Хвороста набралось порядочно, ночь, несмотря на росу, ожидалась теплая (как я просчитался, стало ясно лишь на рассвете), так что я с одной спички разжег костер и с удовольствием растянулся на сухом пригорке на расстеленной накидке в позе охотника с картины Перова «Охотники на привале»: ноги обращены к огню, голова подперта правой рукой, тело свободно раскинуто. Когда огонь хорошо разгорелся, сумерки сразу сдвинулись вокруг него, и резко потемнело. Из низины, простиравшейся впереди сколько хватало глаз, воздымался легкий туман и неслось неутомимое кряканье коростеля: было такое ощущение, что он под боком, в соседней канавке, и надо только туда с десяток шагов пройти, – настолько отчетливо и близко он скрипел в стоячем тихом воздухе. Я даже засмеялся от удовольствия – такая явилась чудесная русская картина: беспокойный блеск огня, открытое поле, открытое небо с языками черных туч, наползавших из-за спины, низовой ощутимый ветер, – и над всем уютный скрип дергача (так назову эту птицу по воспоминаниям детства). Сухие березовые ветви горели со свистом и азартом, я не успевал подкладывать, а долгогорящих сухостоин было мало, но я старался не думать о минуте, когда все прогорит. В термосе был чай, в котомке хлеб и банка эстляндских килек: чего еще надо человеку? Я медленными глотками пил еще не остывший переслащенный чай и иногда повертывался, подставляя огню другой бок. Сквозь накидку от земли холодило, вкрадчивый ночной ветерок пробирал до костей, но я привычным движением бывалого путешественника пристроил рюкзак под голову, вздел ноги на кучу хвороста и уставился в чистое небо. Небо было чистое. Вокруг было именно что чисто, уютно, покойно, словно, избавясь на ночь от московского камня и люда, я окунулся в купель детства. Ночь на Бежином лугу другого автора была давно и иной, чем эта, но меня, как и на озере, не покидало ощущение стерильной продуваемости мироздания: точно сидишь под лабораторным стеклом, а изучать тебя сверху некому. В синьке ночного, подсветленного зарею неба именно что никого не предполагалось, кроме отдельных, очень ярких голубоватых звезд и блистательной Полярной.
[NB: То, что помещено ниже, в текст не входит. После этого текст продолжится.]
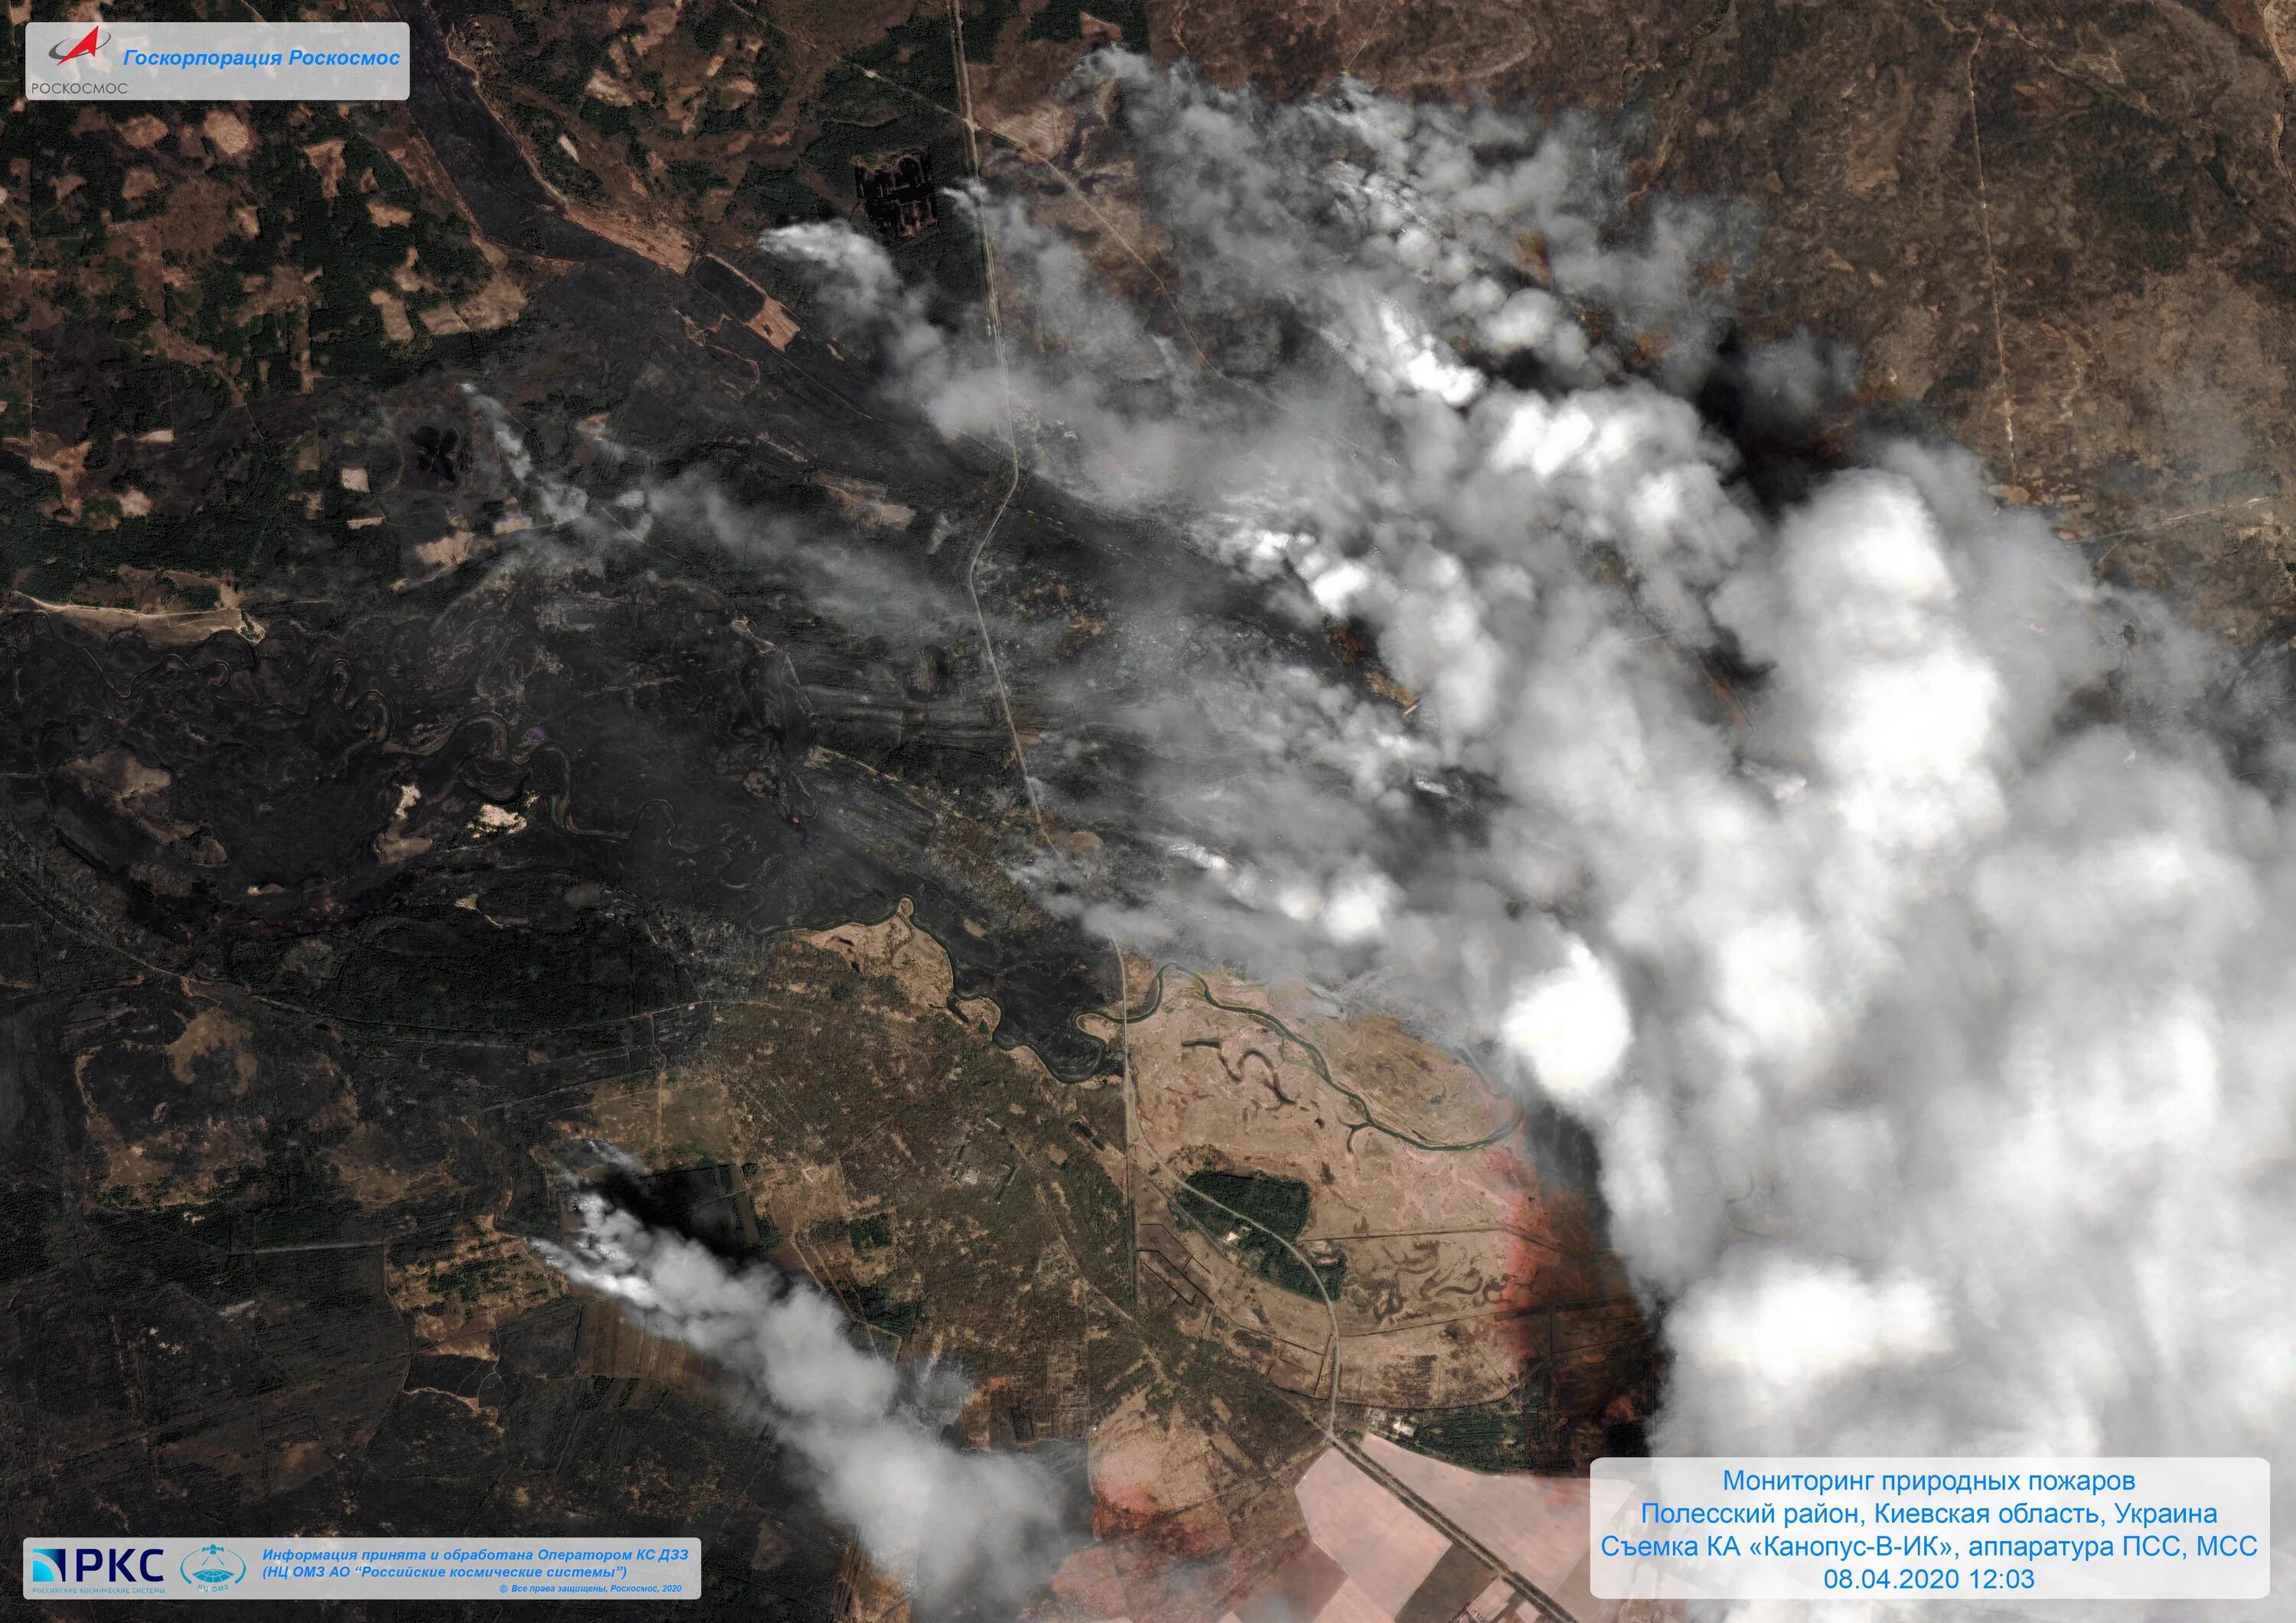 Снимки со спутников Канопус в. Спутниковый снимок лесного пожара. Пожар со спутника. Лесные пожары снимки со спутника. Сгорели спутники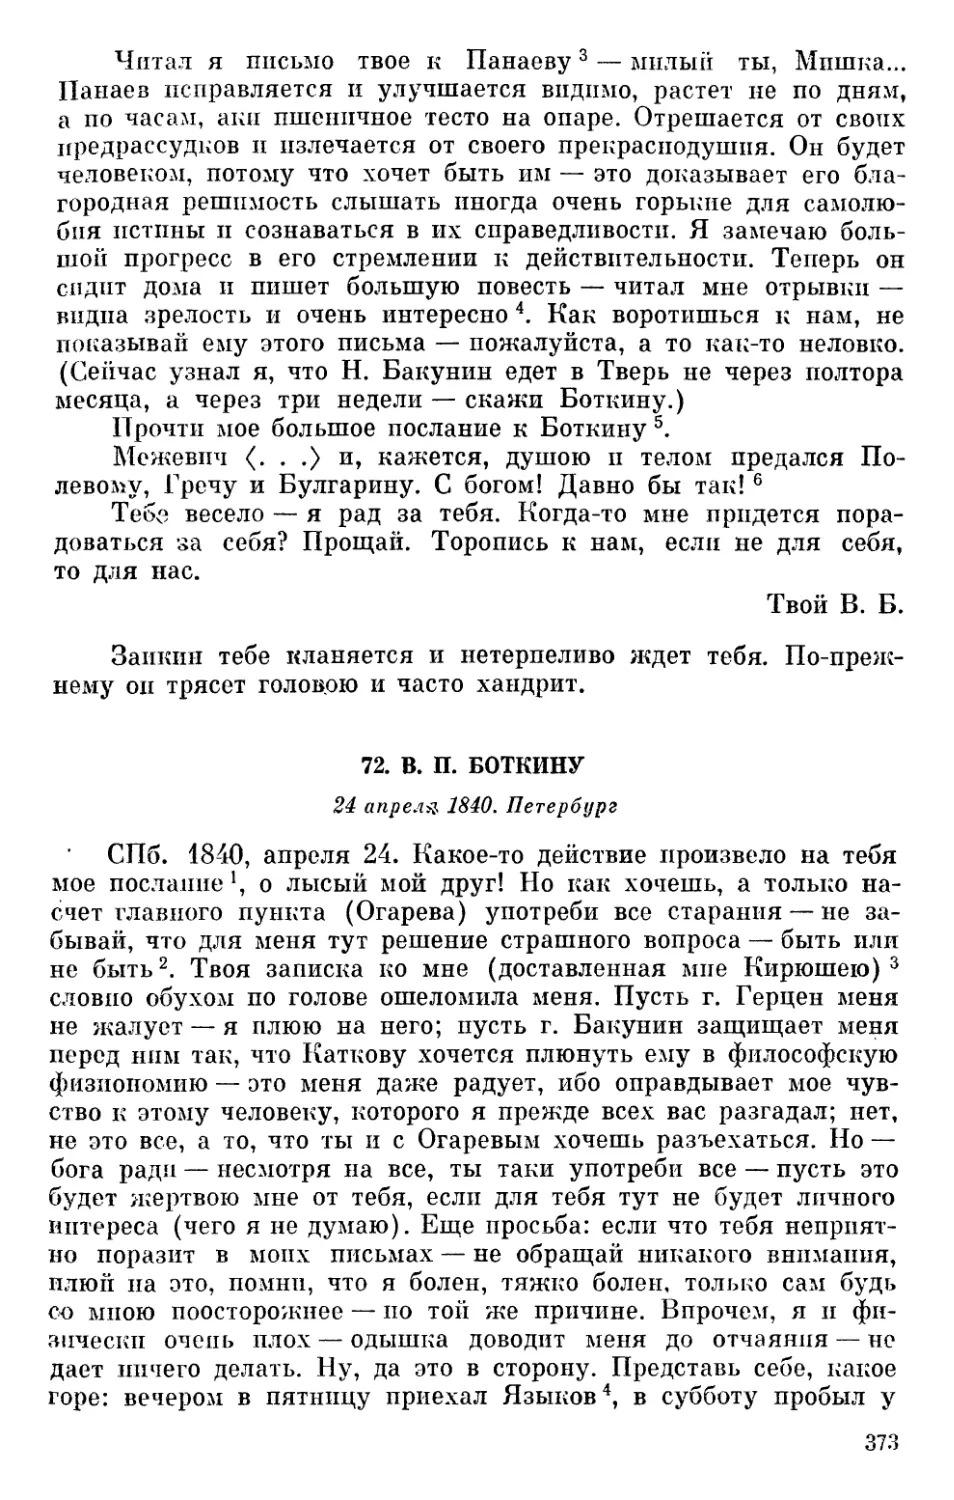 72. В. П. Боткину. 24 апреля1840

И было еще вот что, странное, мистическое, о чем правдивость не позволяет умолчать: чувство-мысль, что я – это мой отец, и лежит здесь сейчас он, а не я. Это чувство пришло на мгновение и покинуло, но сильно встревожило. Он лежит, вдавливая свою грыжу в худую неласковую землю в надежде, что она вправится, и не надо будет делать операцию. (Операцию отцу делали по другому поводу). Опасение, что я повторяю пройденные им ситуации спустя десятки лет в ином континууме, беспокоило. Я любил возвращаться в детство, но н е т а к: хотелось быть ребенком, а не дубликатом отца.
Я перенес постель на подветренную сторону (или на наветренную? – вечно путаю…), чтобы меня грело и укрывало теплом и дымом, помочился в березках, еще раз спокойно обошел таинственную присмиревшую ночную поляну, эти странные тундровые березки в киселе совсем студеного воздуха и, немного успокоенный, вернулся. Захотелось купить здесь участок и поставить дом, но губы тотчас скривились в усмешку. Когда этим стадным блядям – книгоиздателям придет в голову отрыть алмаз из кучи навоза, который они брикетируют в целлюлозно-бумажные изделия не хуже заготовщиков сапропеля с озера, – брикетируют и продают под видом художественной литературы? А впрочем, как его используешь, алмаз? Он же один. А навоза много.
Может, лучше завернуться в накидку, а голову положить на рюкзак? Я так и поступил.
Спалось плохо, но уже в шесть часов утра, пригретый нарядным солнцем, остатками костра и пищи, а главное, мирным чириканьем птичек, я заснул как убитый и спал как младенец. Проснулся очень собранный, как пехотинец, в две минуты уложился и немедля ушел. Шел и думал, что, может быть, когда-нибудь куплю. На полпути между озером Воймега и поселком Черусти. Это место оставалось как вариант благополучия. Я очень любил финнов, эстонцев и прочих хуторян, но в татарской столице, освященной куполами собора Василия Блаженного, мог ли я реализовать свою мечту?
Понимая, что предстоят встречи с людьми и немного этим удрученный, я все же завернул в одну из изб – заварить кипятком пакетик кофе и залить его в термос. В передней над столом, отодвинув локтем тюлевую занавеску с окна, склонялась пожилая баба, закутанная, точно кулёма, в серый пуховой платок, и процеживала молоко из подойника через четверо сложенную марлю в горло пузатой стеклянной бутыли. Баба была, сразу видно, предобрая. Я поздоровался и назвал цель визита.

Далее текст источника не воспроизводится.